Abgrenzung zum Forschungsdatenzentrum Gesundheit, der elektronischen Patientenakte (ePA) und dem Europäischen Gesundheitsdatenraum
Das FDPG der Medizininformatik-Initiative (MII) ist institutionell und funktionell zu unterscheiden von dem beim Bundesinstitut für Arzneimittel und Medizinprodukte (BfArM) angesiedelten Forschungsdatenzentrum Gesundheit (FDZ), welches – einwilligungsfrei – Abrechnungsdaten der Gesetzlichen Krankenversicherung in anonymisierter Form für Forschungsanträge verfügbar macht (Verfahren gemäß § 303a-f SGB V) und das künftig auch – einwilligungsbasiert – Daten aus der Elektronischen Patientenakte (ePA) für Forschungsanfragen gebündelt zur Verfügung stellen soll (Verfahren gemäß § 363 SGB V Abs. 1–7). Entsprechend haben auch politische Ankündigungen, für die ePA sogenannte „opt-out-Verfahren“ zur Wahrnehmung der Patientenautonomie gesetzlich zu verankern, keine Relevanz für das FDPG und die Datennutzung in der MII, ebenso wenig wie in der Diskussion befindliche politische Vorstellungen zu einwilligungsfreier Datennutzung in einem künftigen Europäischen Gesundheitsdatenraum (EHDS). Die Datennutzung in der MII einschließlich des FPDG erfolgt auf Grundlage aktueller europäischer und nationaler Gesetze und ist einwilligungsbasiert.
Hintergrund
Ziel der Medizininformatik-Initiative (MII) ist es, Routinedaten aus der Patientenversorgung bundesweit digital zu vernetzen und für die medizinische Forschung verfügbar zu machen, um Krankheiten zukünftig schneller und effektiver behandeln zu können. Daran arbeiten alle Einrichtungen der Universitätsmedizin Deutschlands gemeinsam mit weiteren Forschungseinrichtungen, Unternehmen, Krankenkassen und Patientenvertretungen in den vier Konsortien DIFUTURE, HiGHmed, MIRACUM und SMITH. Datenschutz und Datensicherheit haben hierbei höchste Priorität.

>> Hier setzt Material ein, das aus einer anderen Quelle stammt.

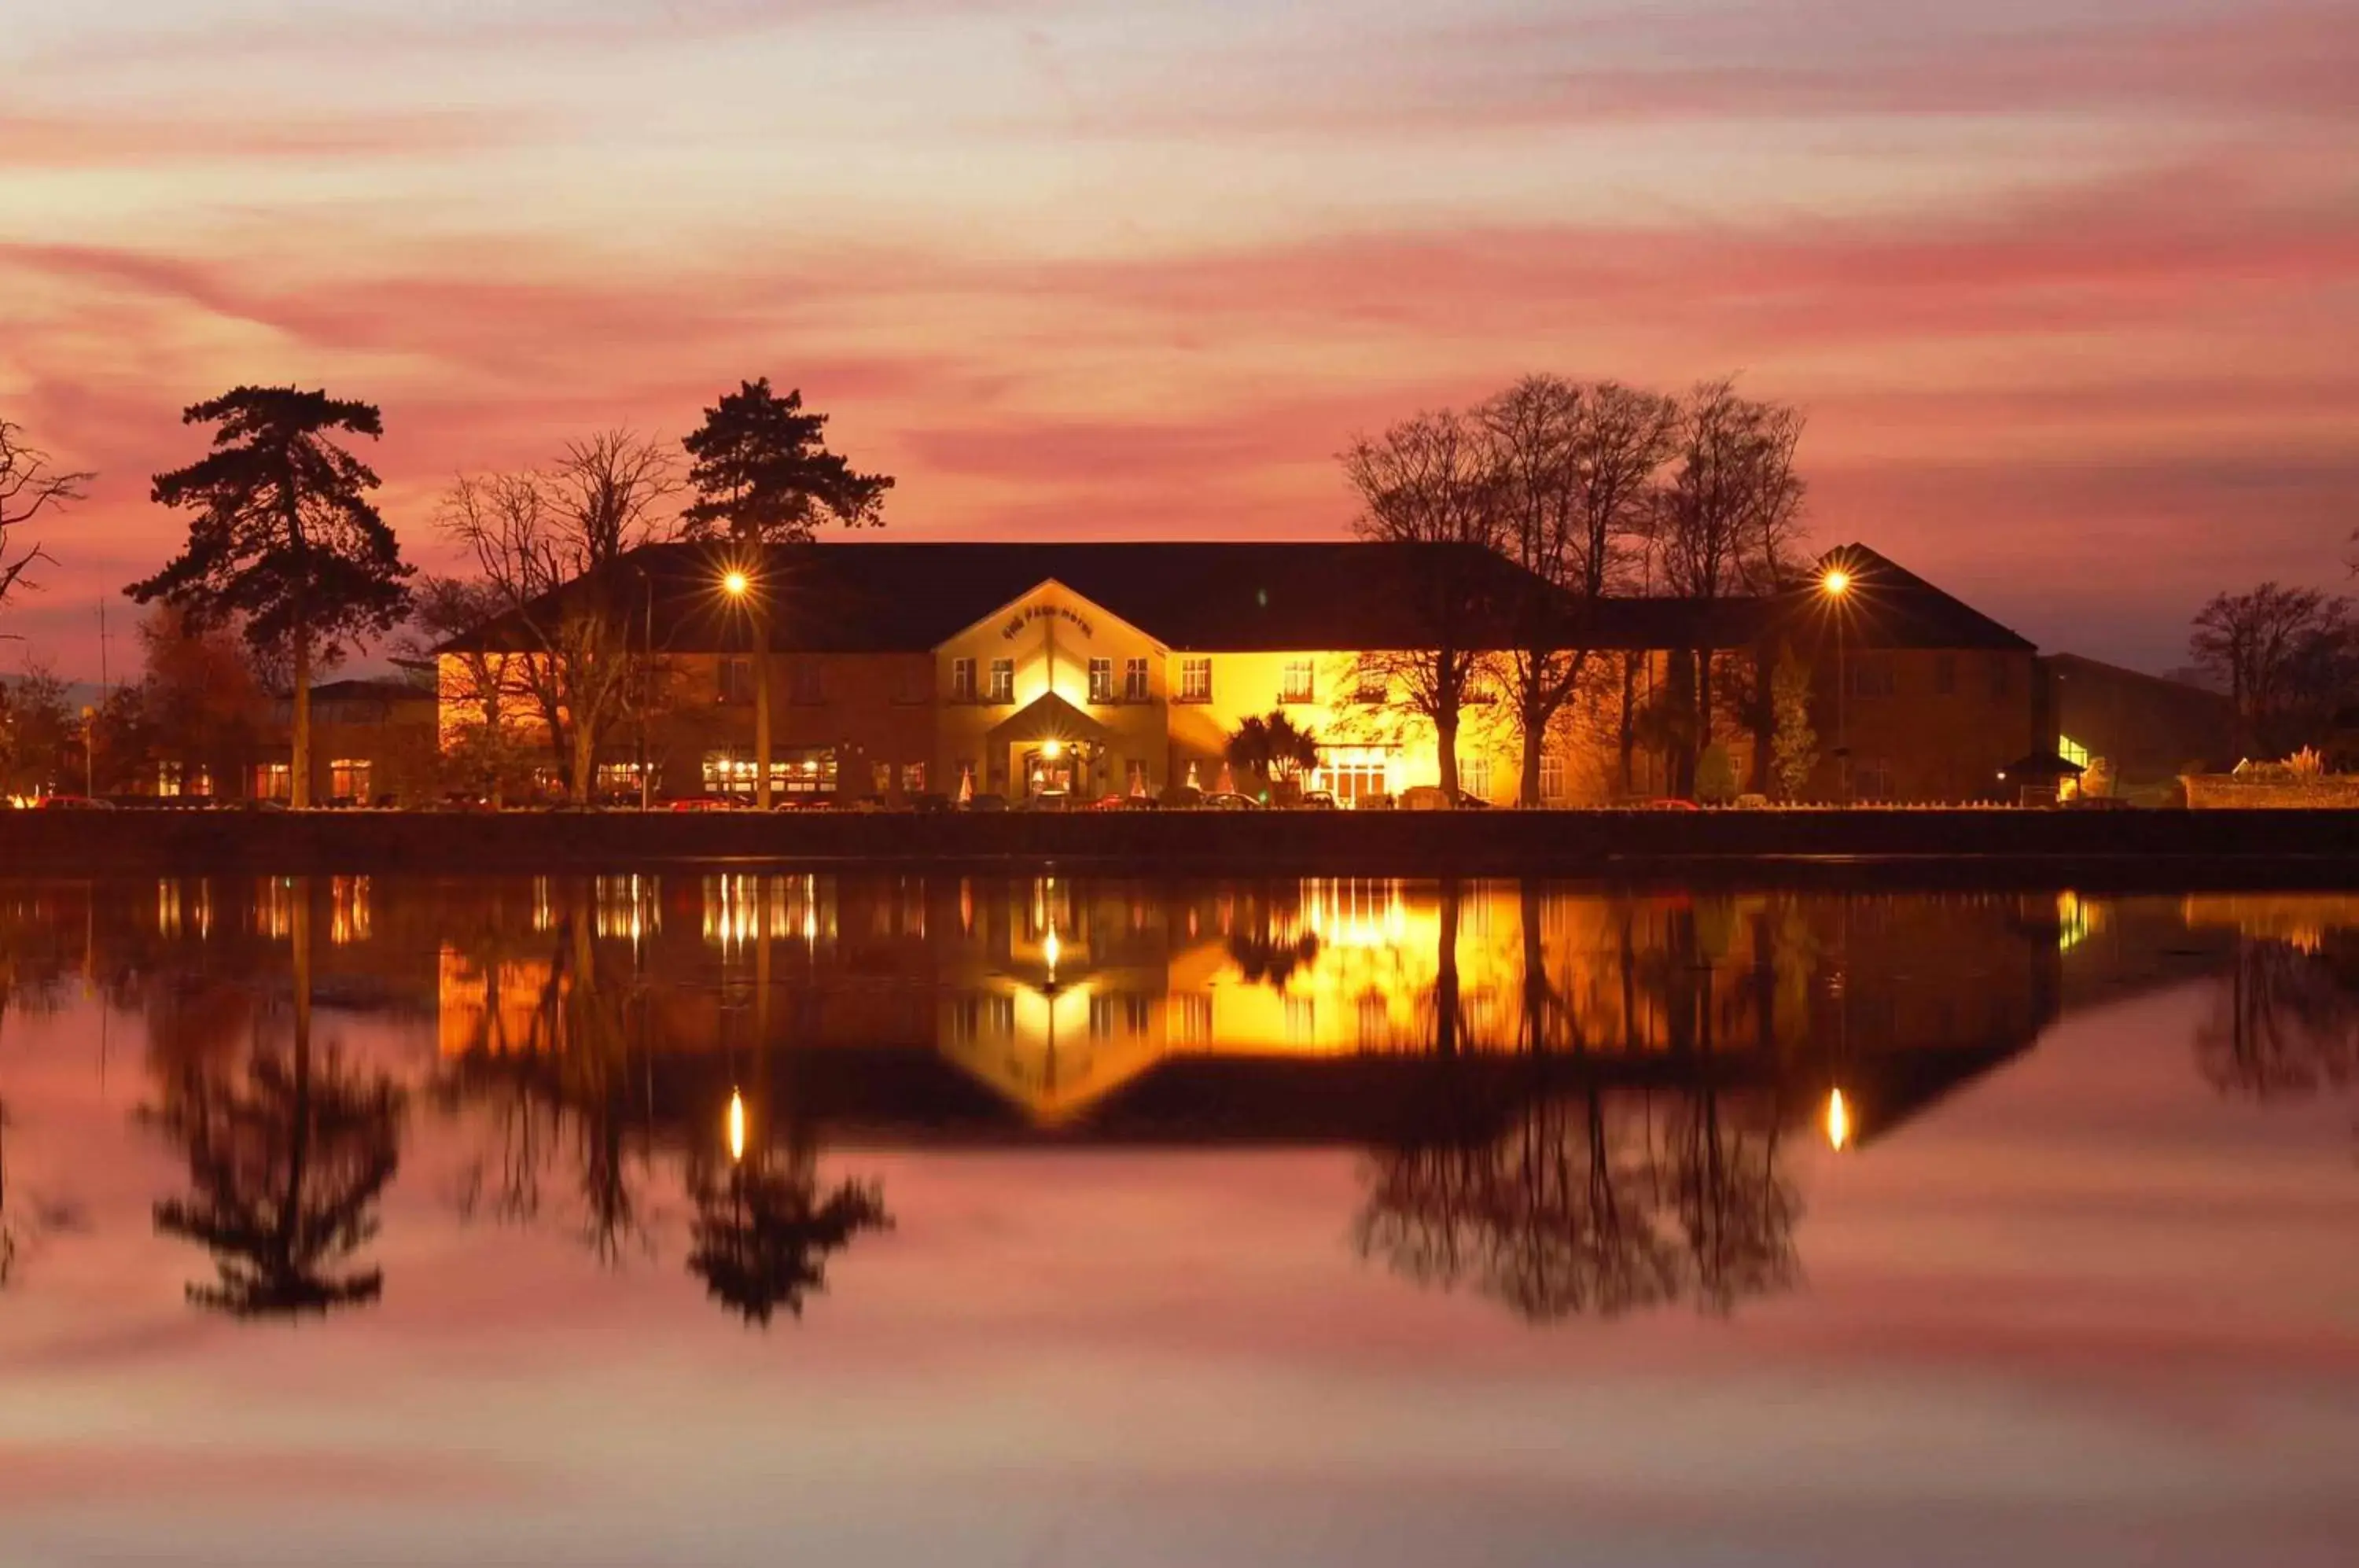 Property building, Sunrise/Sunset in The Park Hotel Dungarvan

Im Fokus der Ausbau- und Erweiterungsphase (2023-2026) steht eine erweiterte Zusammenarbeit zwischen den Universitätskliniken und deren Kooperation mit neuen Partnern in Versorgung und Forschung, insbesondere um die standortübergreifende Datennutzung in Bezug auf die Datenarten und Datenquellen zu erweitern.
Das Bundesministerium für Bildung und Forschung (BMBF) fördert die MII bis einschließlich 2026 mit insgesamt über 400 Millionen Euro.

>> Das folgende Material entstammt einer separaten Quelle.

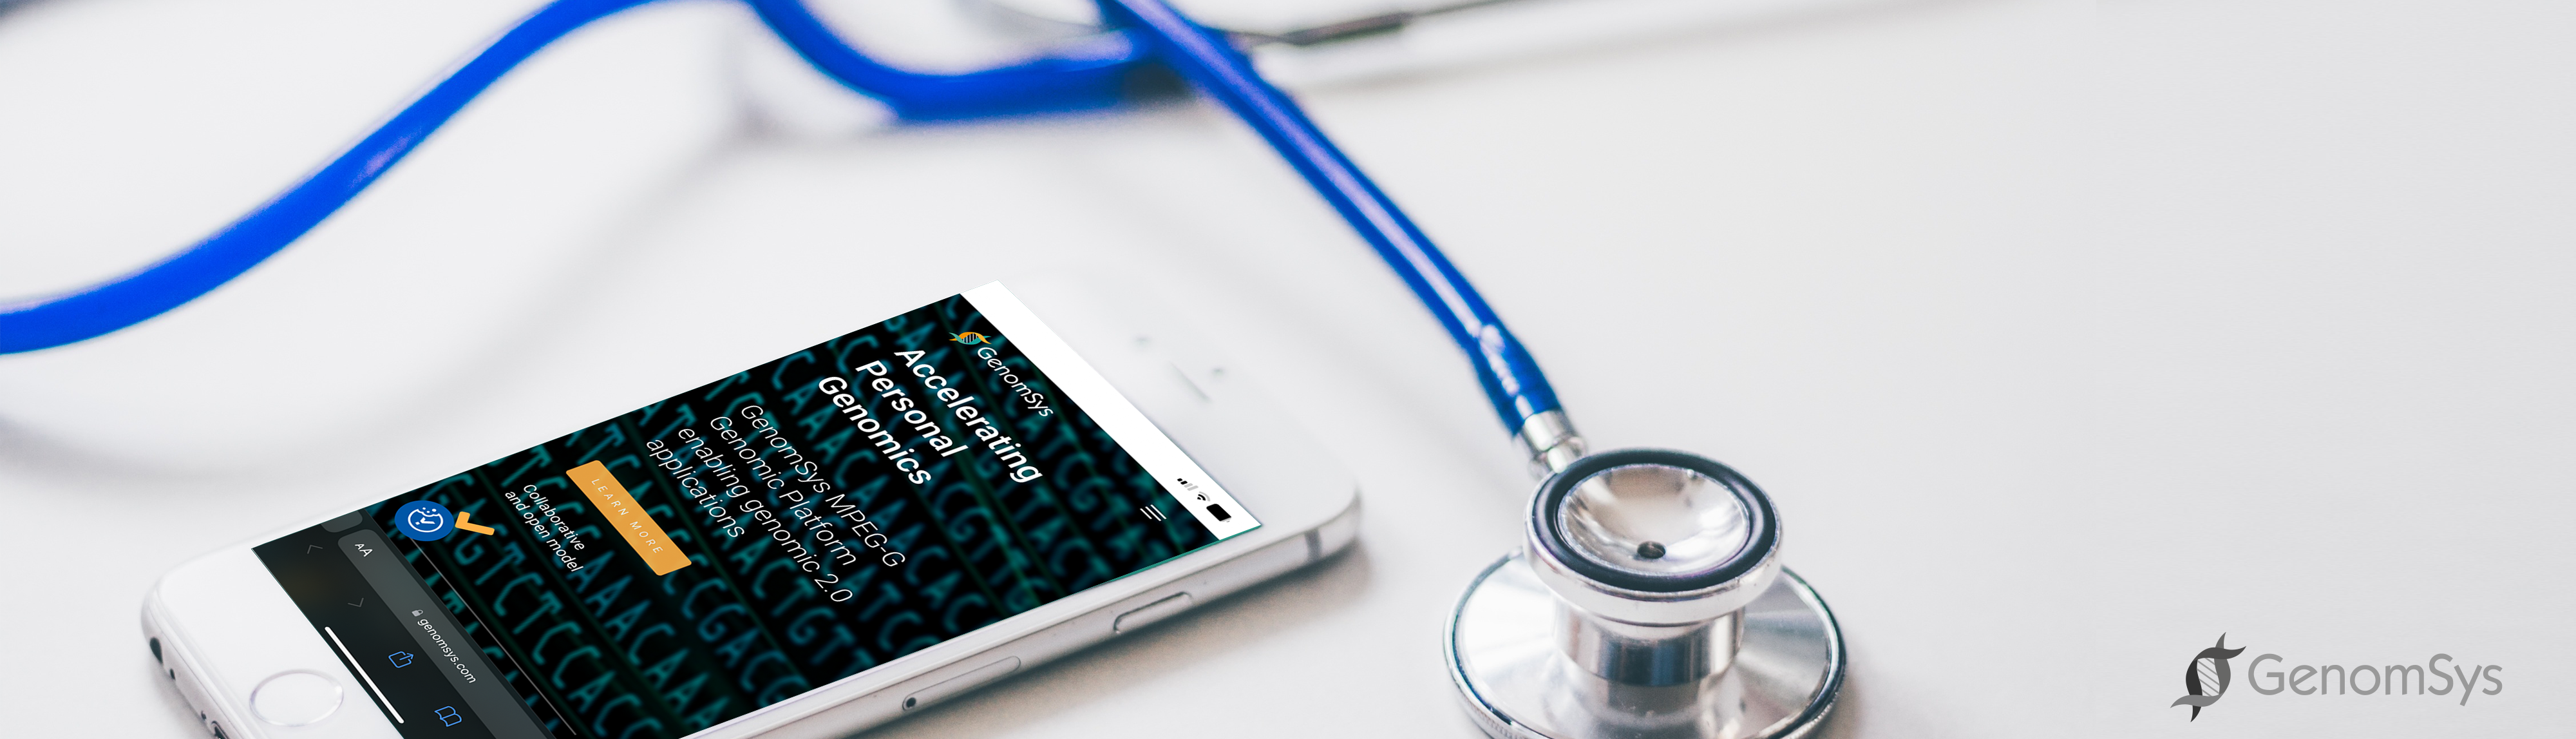 mHealth – the 21st century’s mobility in Healthcare – Part 3

Für die nationale Abstimmung der MII ist eine Koordinationsstelle zuständig, die die Technologie- und Methodenplattform für die vernetzte medizinische Forschung e.V. (TMF) mit dem Medizinischen Fakultätentag (MFT) und dem Verband der Universitätsklinika Deutschlands e.V. (VUD) in Berlin betreibt.